___ Records for this exercise
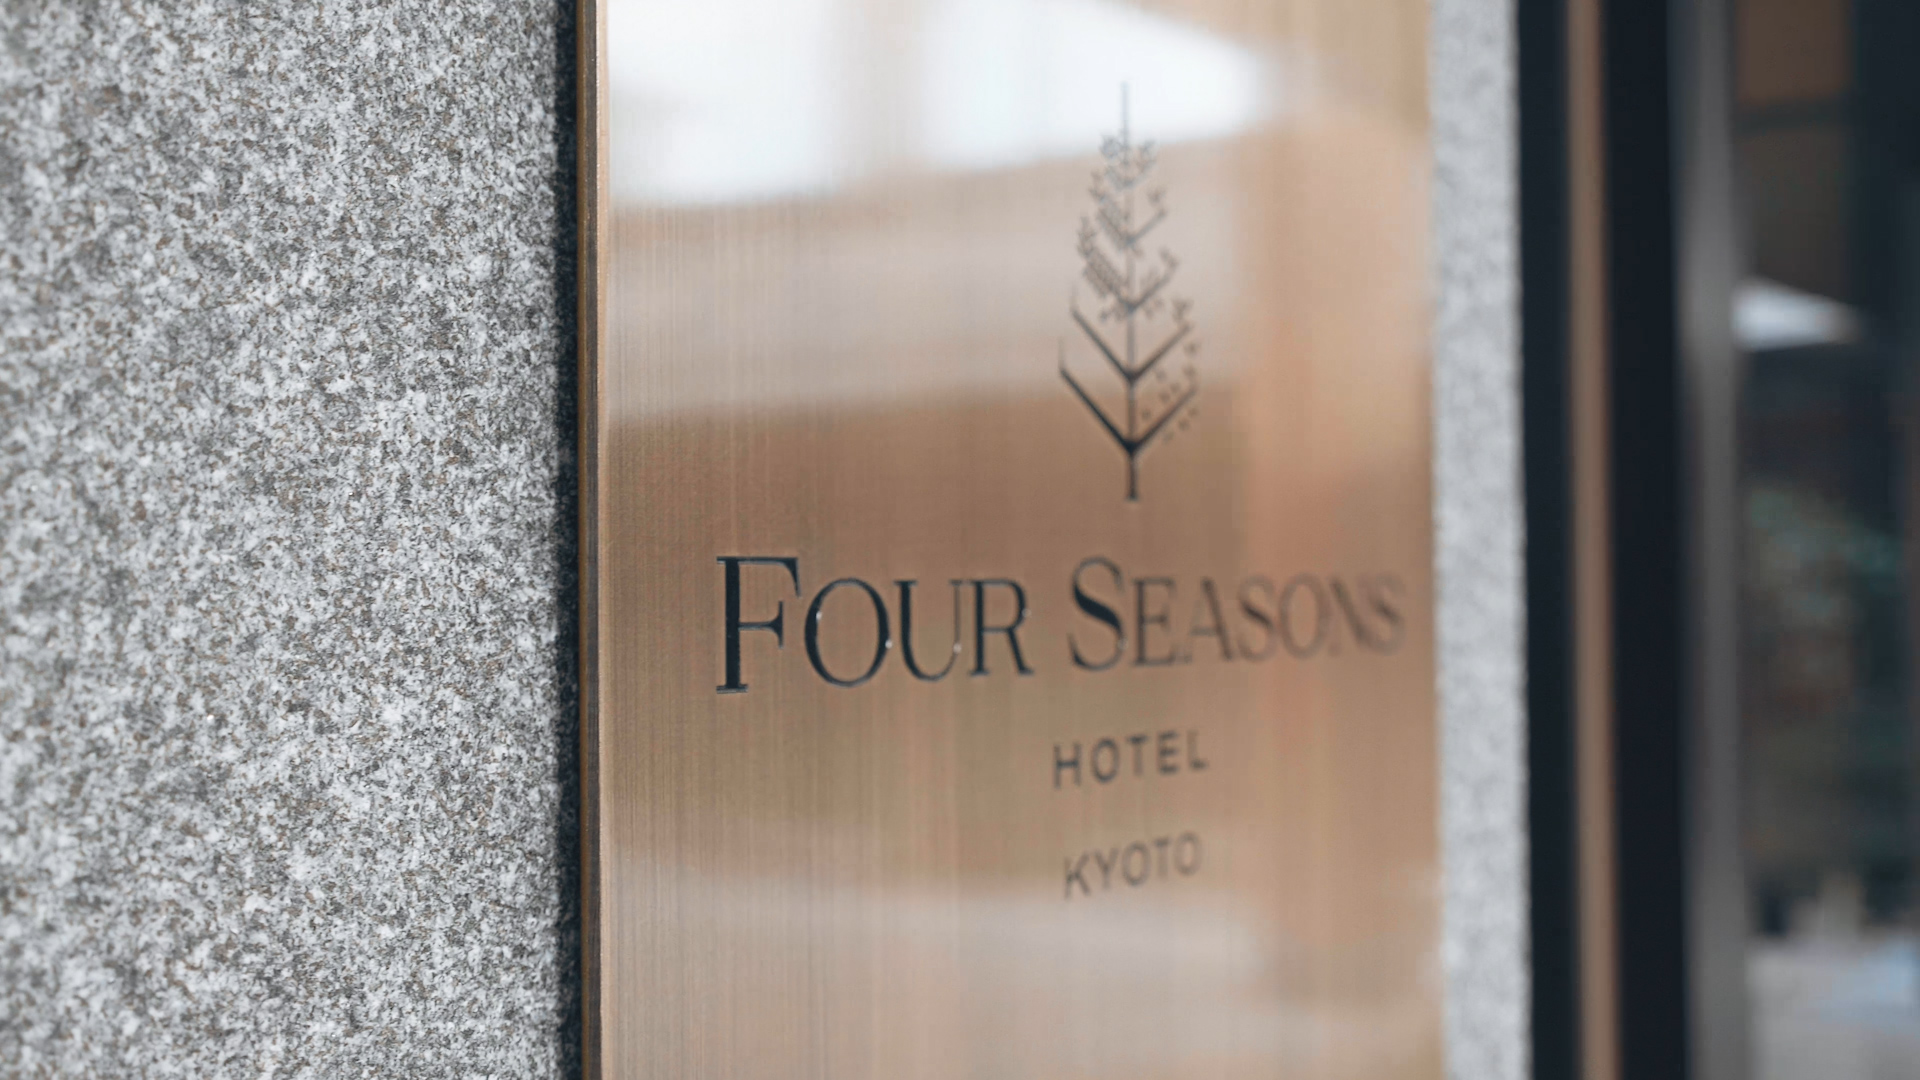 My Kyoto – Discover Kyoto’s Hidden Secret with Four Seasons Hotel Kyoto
______
___ Records for this exercise
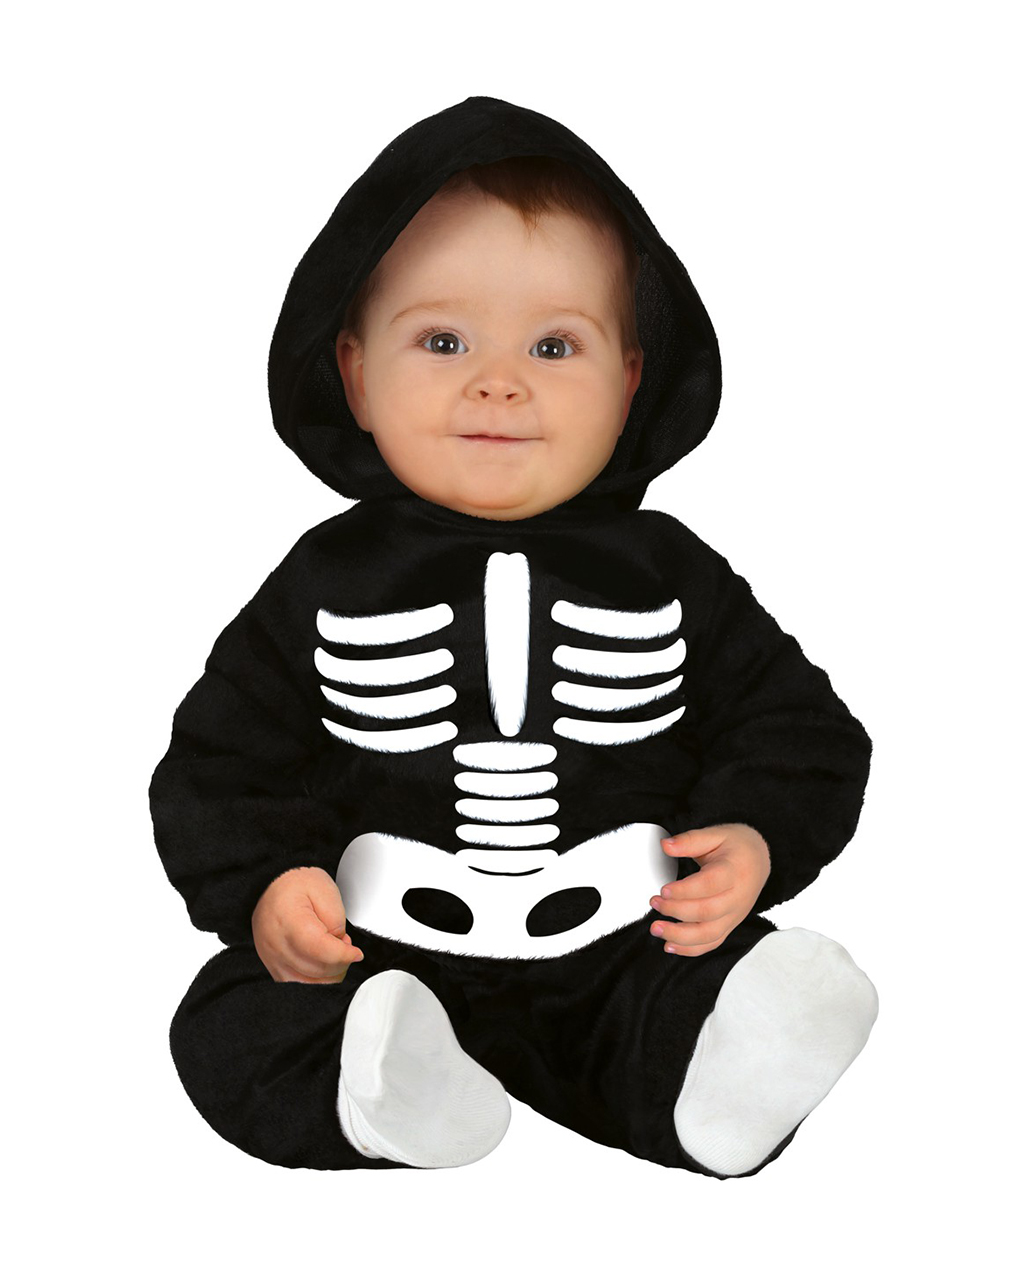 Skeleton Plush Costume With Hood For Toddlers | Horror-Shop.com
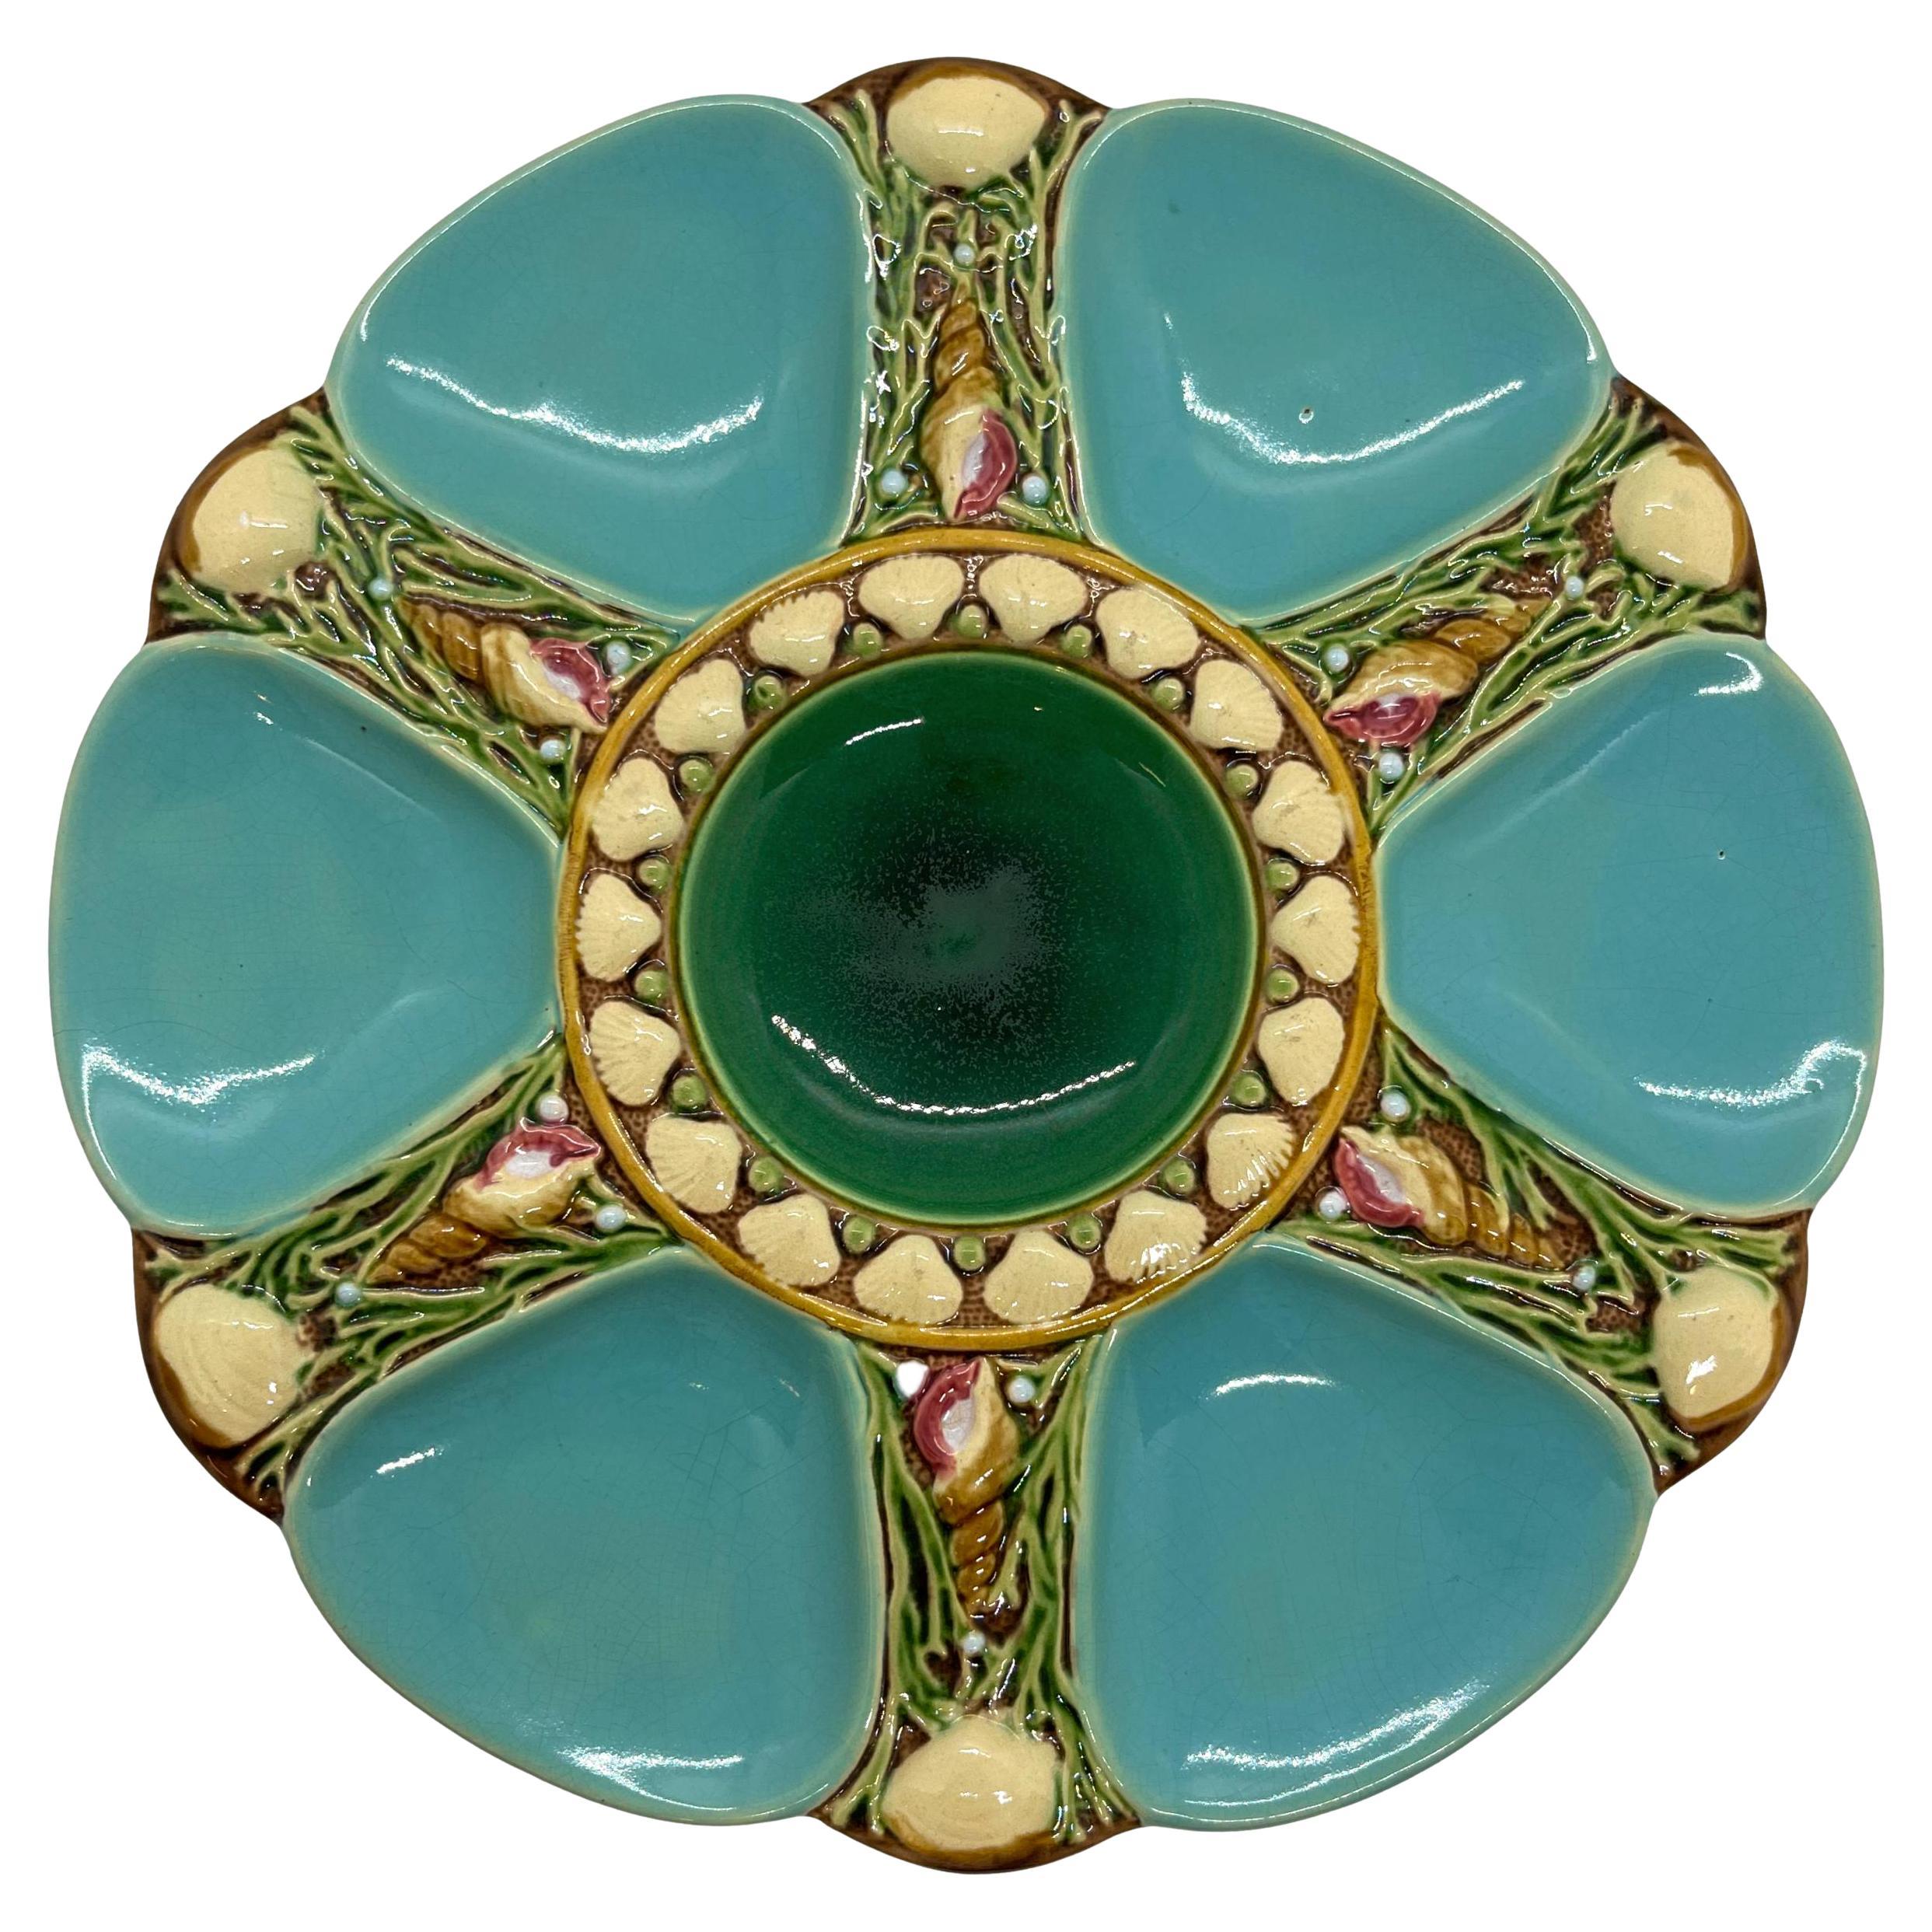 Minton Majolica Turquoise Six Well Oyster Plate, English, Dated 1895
______
Task requirements
Everything from the line with "Skeleton Plush Costume" down to the line with "Minton Majolica Turquoise" in the data above should be copied exactly, with both end lines kept and the pictures left out.

Reply
 Skeleton Plush Costume With Hood For Toddlers | Horror-Shop.com
 Minton Majolica Turquoise Six Well Oyster Plate, English, Dated 1895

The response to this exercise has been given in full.